Now comes word that Canadian police in Quebec this week have cracked down on what they are calling a major Hells Angels contraband tobacco and drug trafficking ring inside the Kahnawake Mohawk reserve near Montreal. About 60 police officers raided the bunker-like compound of Rice Mohawk Industries in an investigation code-named “Project Machine” and rounded up 46 people. Among those arrested were owner Peter Rice and his two sons Burton Rice and Peter Francis Rice. Also arrested was Salvatore Cazzetta, the reputed leader of the Montreal chapter of the Hells Angels.

Police say the Hells Angels used the Rice compound as a base for trafficking in contraband tobacco and crack cocaine. The men are charged with participating in a criminal organization that defrauded the Quebec and Canadian governments of millions of dollars in tobacco taxes. Cazzetta is also charged with drug trafficking.

In “Canada’s Boom in Smuggled Cigarettes,” ICIJ took readers inside a billion-dollar black market and revealed the close ties between Indian tobacco sellers and organized crime. As many as three out of every ten Canadian cigarettes are now sold on the black market, and seizures of contraband tobacco grew a striking 16-fold in Canada between 2001 and 2006. This latest raid is only one of a series of arrests carried out over the last few months involving Indian tobacco merchants and mobsters.

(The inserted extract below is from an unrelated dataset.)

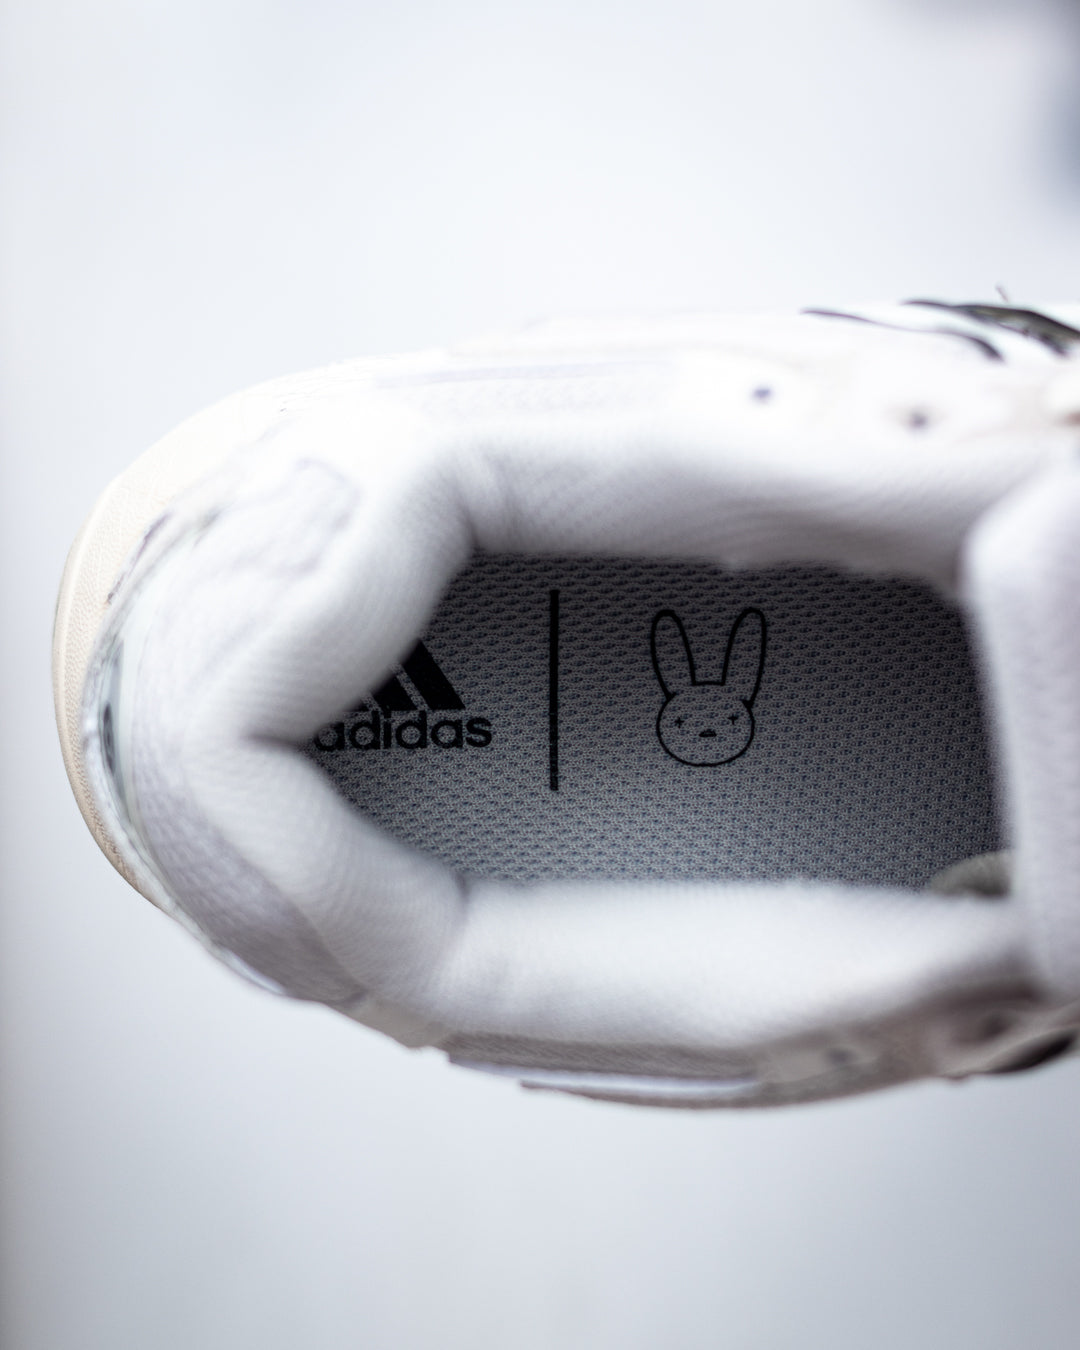 Adidas  Response CL White de adidas x Bad Bunny

One Rice company is directly linked to the Hells Angels’ Cazzetta, a longtime outlaw biker with a history of drug trafficking convictions. Canadian federal corporation records show that Peter Rice is part owner with Cazzetta of Mustang Distribution Ltd., which manufactures an energy drink called Cintron. Cintron shares its Montreal offices with a company that produces a glossy teen magazine called Naked Eye. Its owner is Burton Rice.

Burton Rice also owns a tobacco manufacturing company called Fine Day Industries, according to federal corporation records.

Police found 11 safes in the high-security Rice compound. By noon Wednesday they had opened three and found large cash amounts in each of them. Montreal police, the Royal Canadian Mounted Police, the Mohawk police as well as the Quebec’s provincial police, the Sûreté du Quebec, all participated in the raid.